# Activity
Pictures in the records below must be left out. Return exactly the lines from the line with "ジャンボ90センチメートルぬ" to the line with "Test_Drive_Porsche_Cayenne_00", both included.

# Recorded information
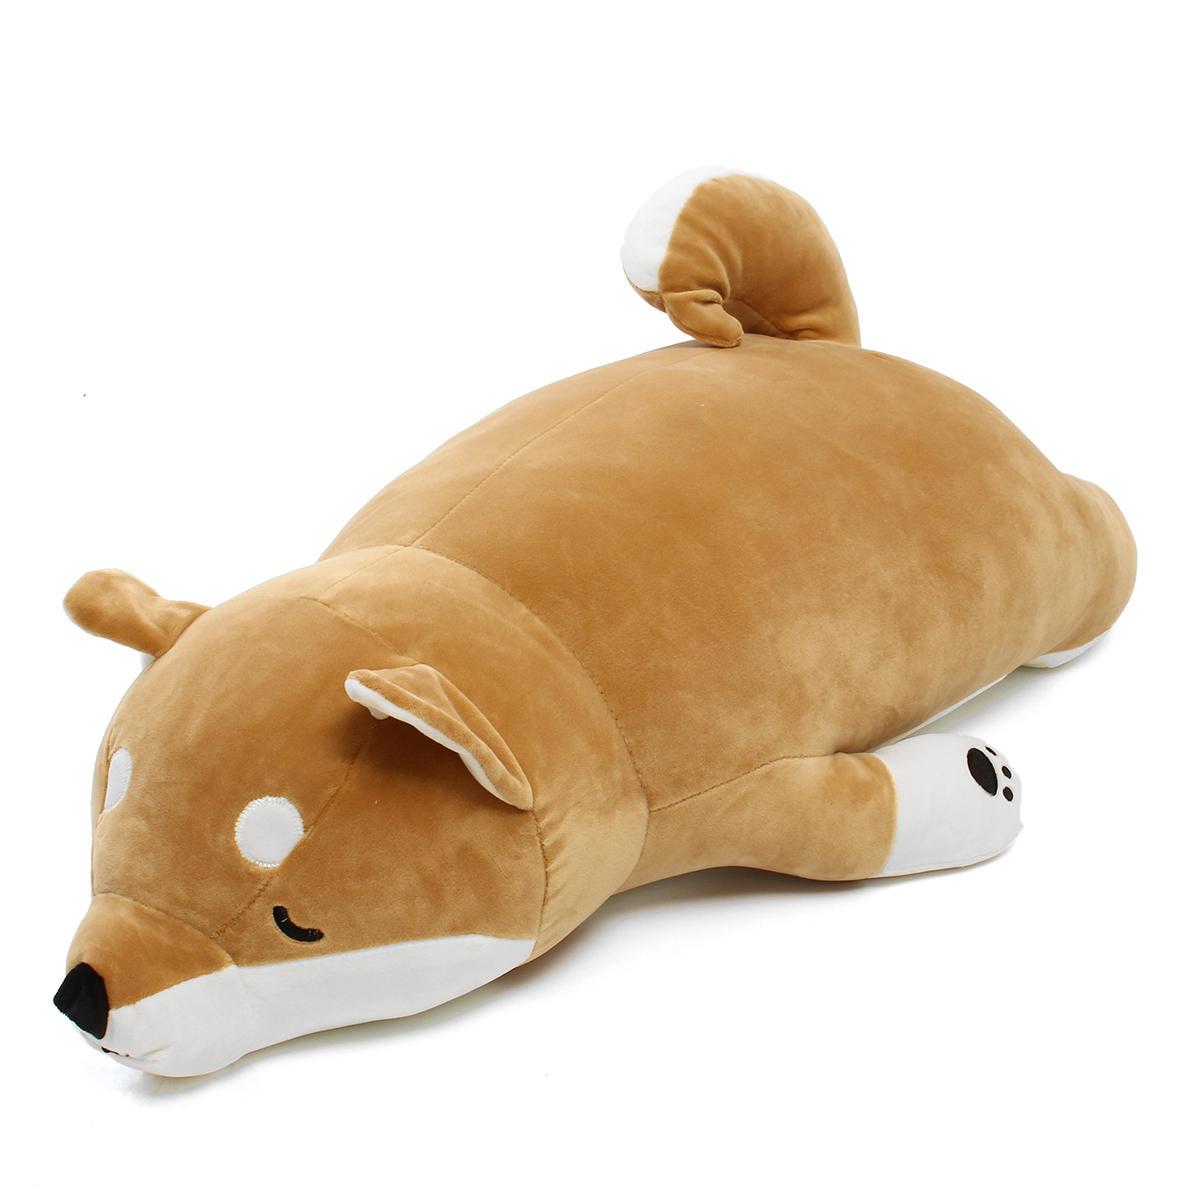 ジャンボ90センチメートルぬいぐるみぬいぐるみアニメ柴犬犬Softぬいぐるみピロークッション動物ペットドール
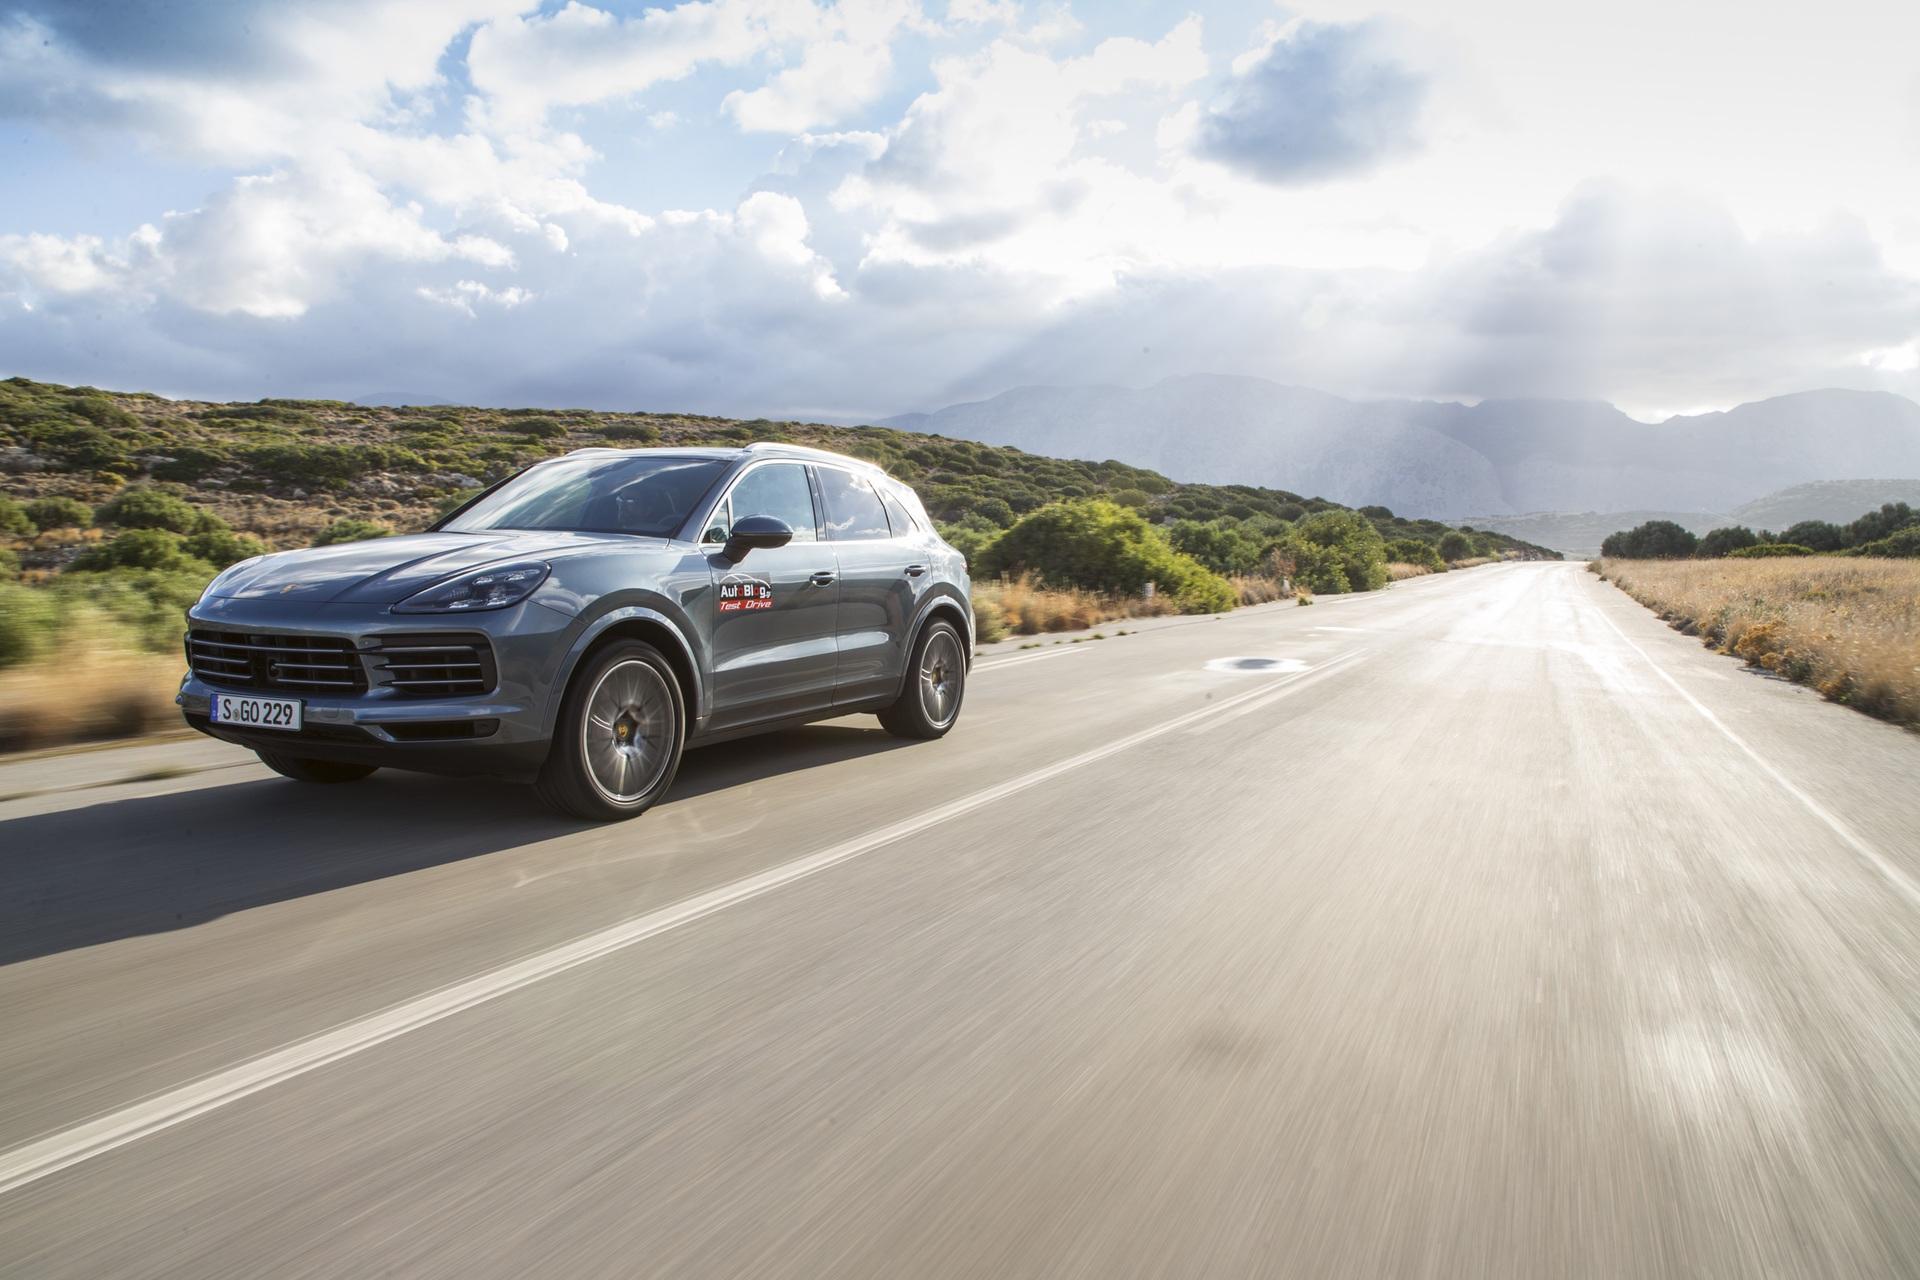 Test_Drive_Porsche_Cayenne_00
---
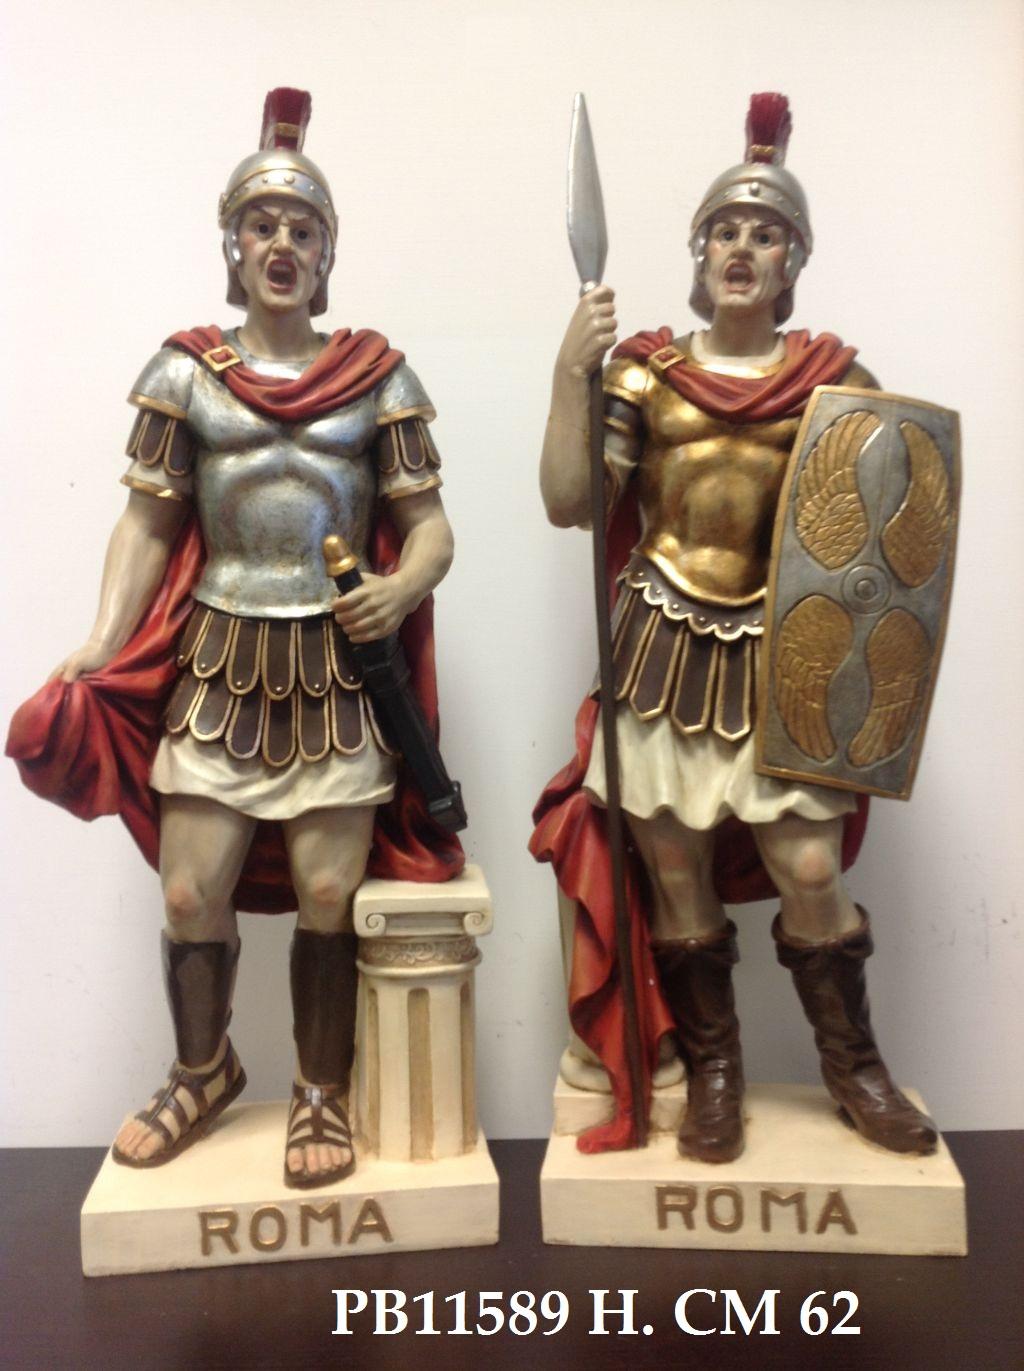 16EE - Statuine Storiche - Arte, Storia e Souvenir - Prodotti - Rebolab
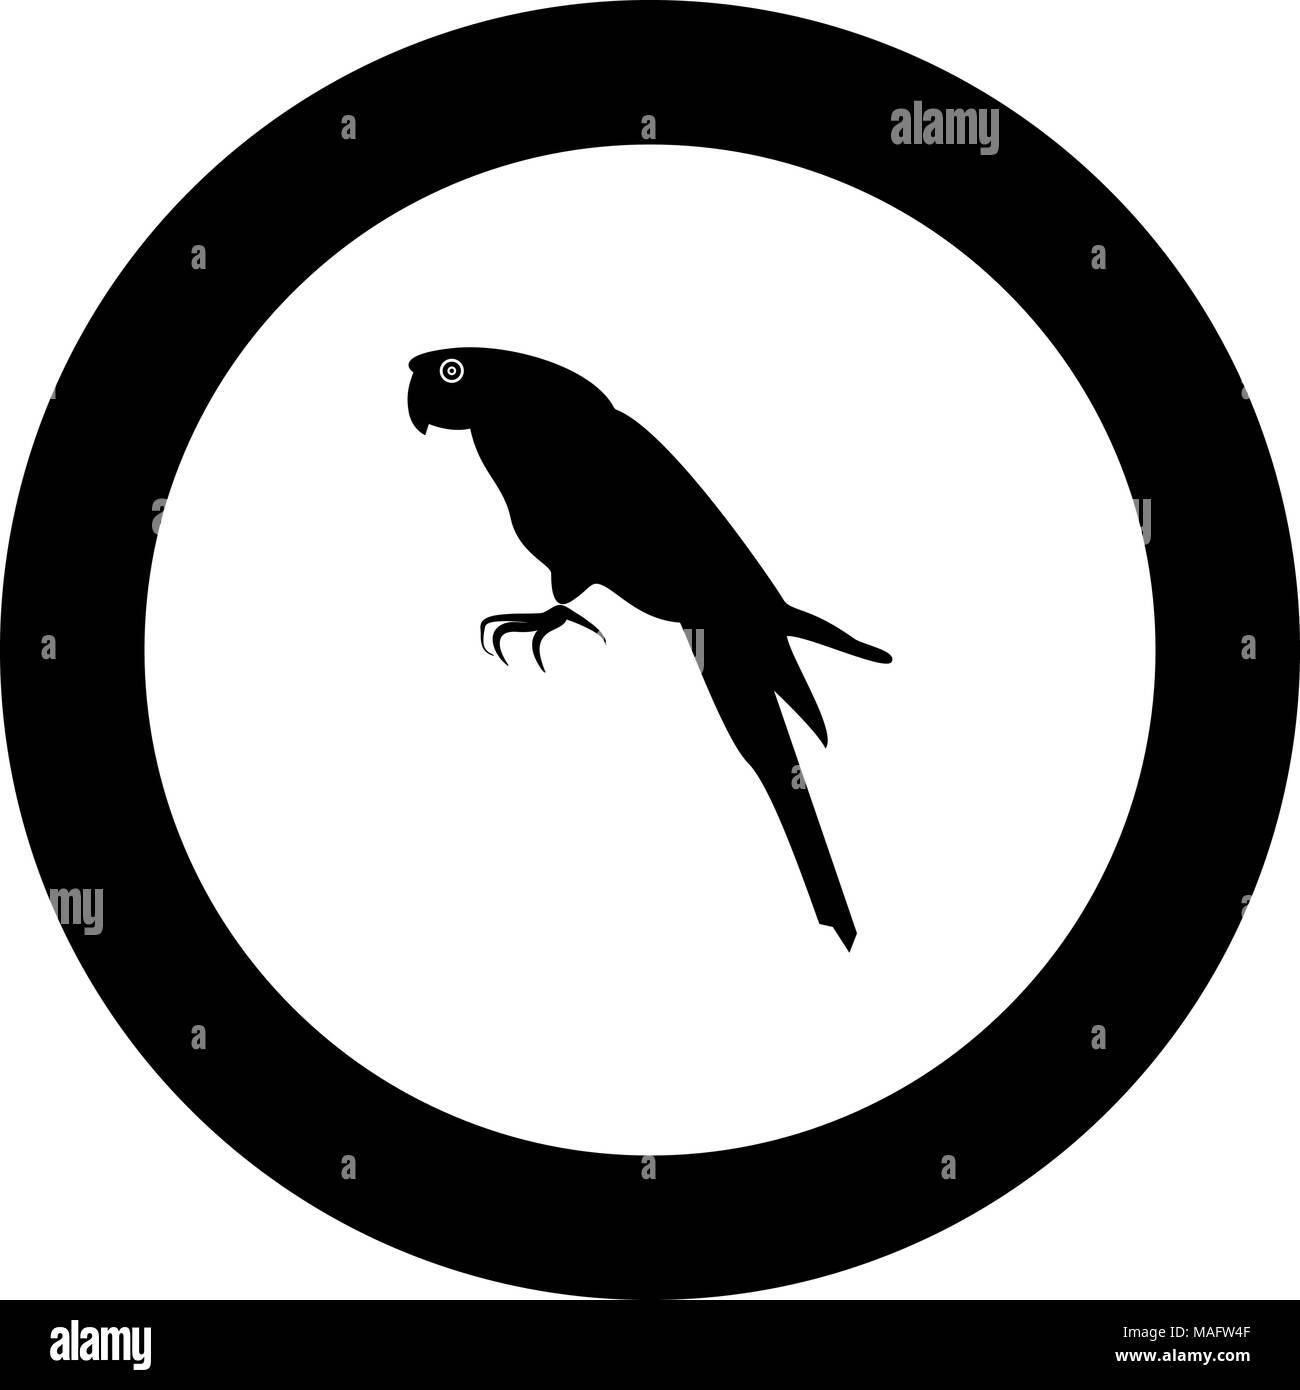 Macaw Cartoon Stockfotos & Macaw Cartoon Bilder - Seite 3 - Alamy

# Written reply
 ジャンボ90センチメートルぬいぐるみぬいぐるみアニメ柴犬犬Softぬいぐるみピロークッション動物ペットドール
 Test_Drive_Porsche_Cayenne_00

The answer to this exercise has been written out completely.